Réputation. Mais comment
libérer cette compassion naturelle qui serait donc en nous dans des
sociétés où la recherche de l’intérêt personnel a été poussée à
l’extrême ces vingt dernières années ? Jane Dutton et ses collègues de
l’université du Michigan ont réfléchi à une mise en pratique concrète.
Pour Robin Teigland, chercheuse américaine à la Stockholm School of
Economics, Internet offre une piste intéressante en dehors des
organisations existantes. «Sur certains réseaux, comme
OpenSimulator, où l’on développe des plateformes en open source de
mondes virtuels, la plupart des contributeurs les plus actifs sont des
entrepreneurs.
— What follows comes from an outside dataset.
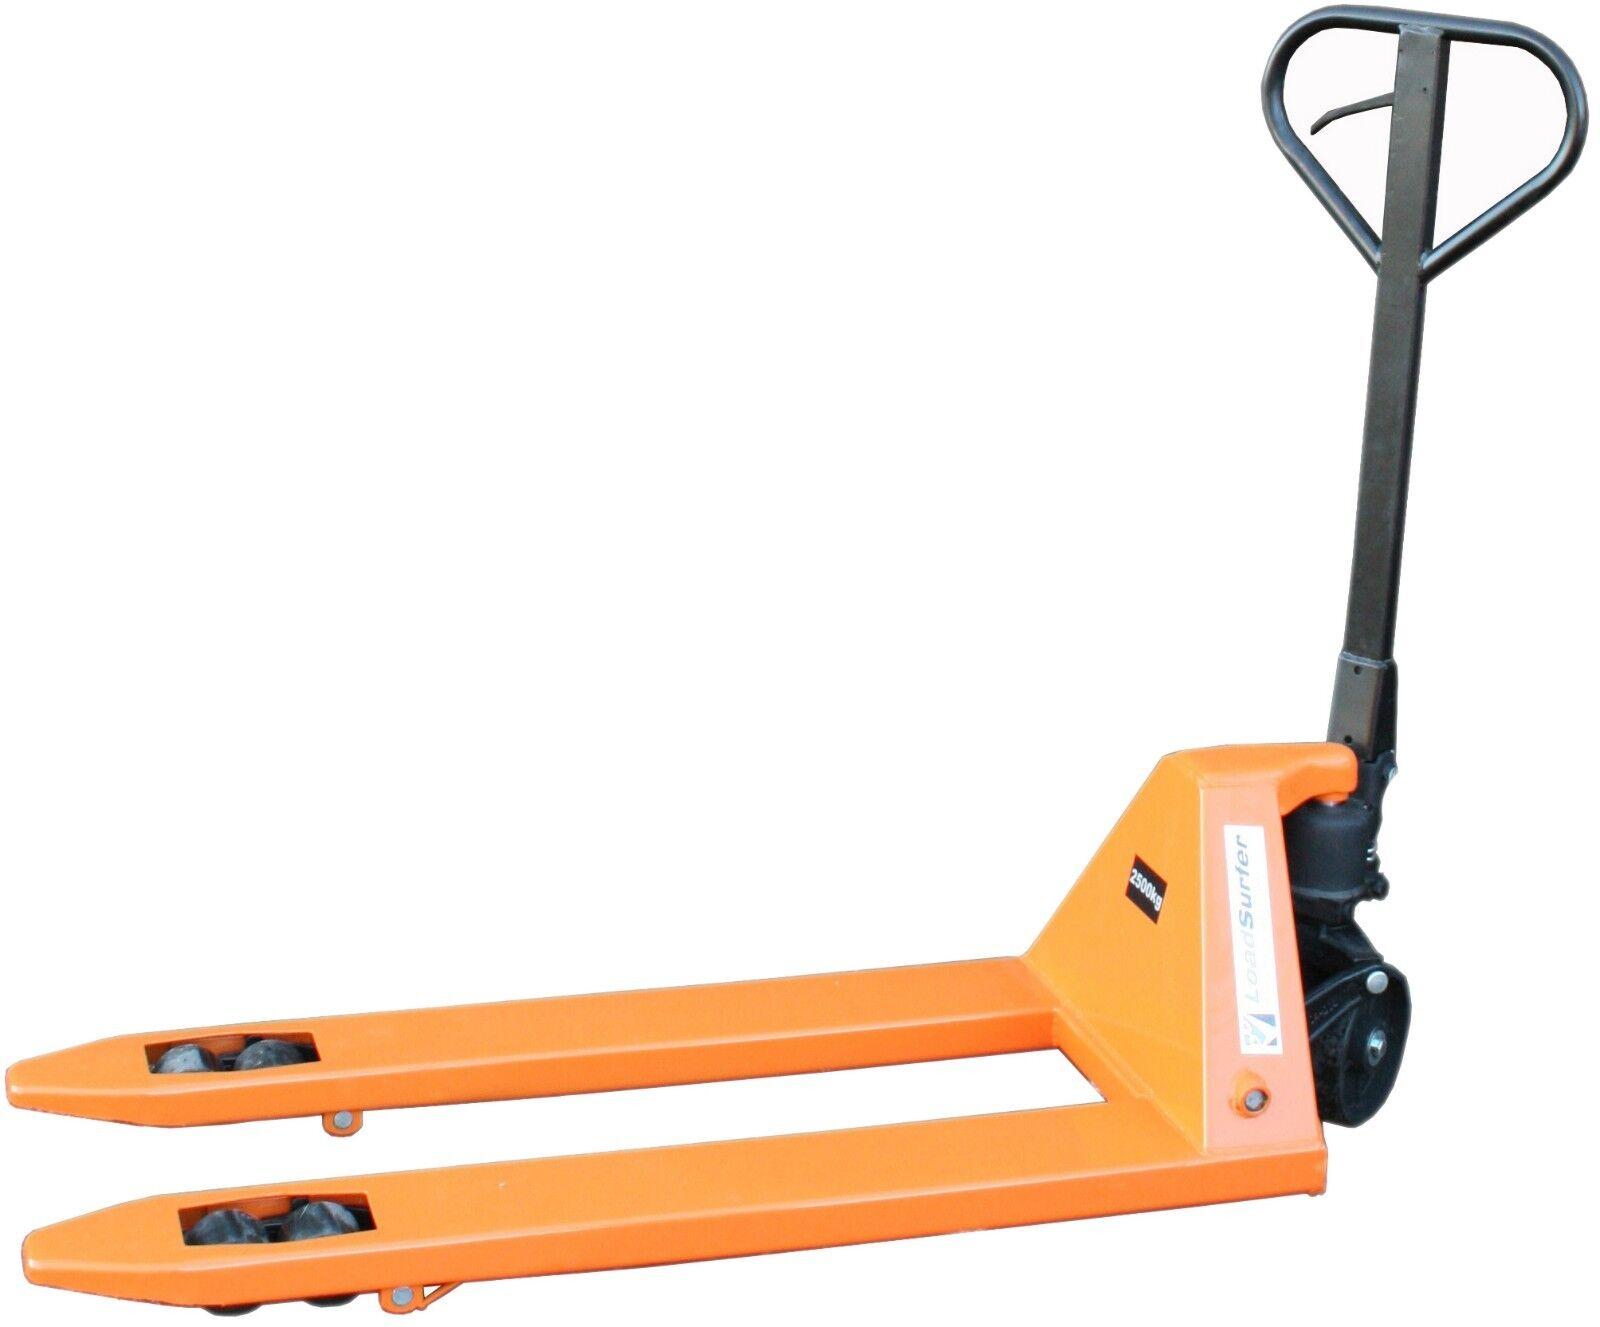 Pump up pallet truck bosch 680w 240v corded keyless chuck hammer drill psb680re

Autrement dit, des personnes dont le temps est précieux,
dont l’objectif est a priori le profit, et qui, pourtant, consacrent
énormément de temps à développer des programmes que chacun, y compris
leurs concurrents, peuvent utiliser gratuitement.» Ces
entrepreneurs, certes, trouvent d’autres compensations : un nouveau
réseau social, une réputation, un challenge intellectuel, etc. Autant
d’éléments qui sont bien la preuve que l’altruisme, comme la compassion,
peuvent être compatibles avec le business. Pour les plus rétifs, sachez
que l’on peut aussi «s’entraîner» à la compassion. Mais dans notre
monde gouverné par les chiffres, la route sera évidemment très longue…
(1) Compassion : du latin compatior , «je souffre avec». Sentiment qui porte à plaindre et à soulager les maux d’autrui.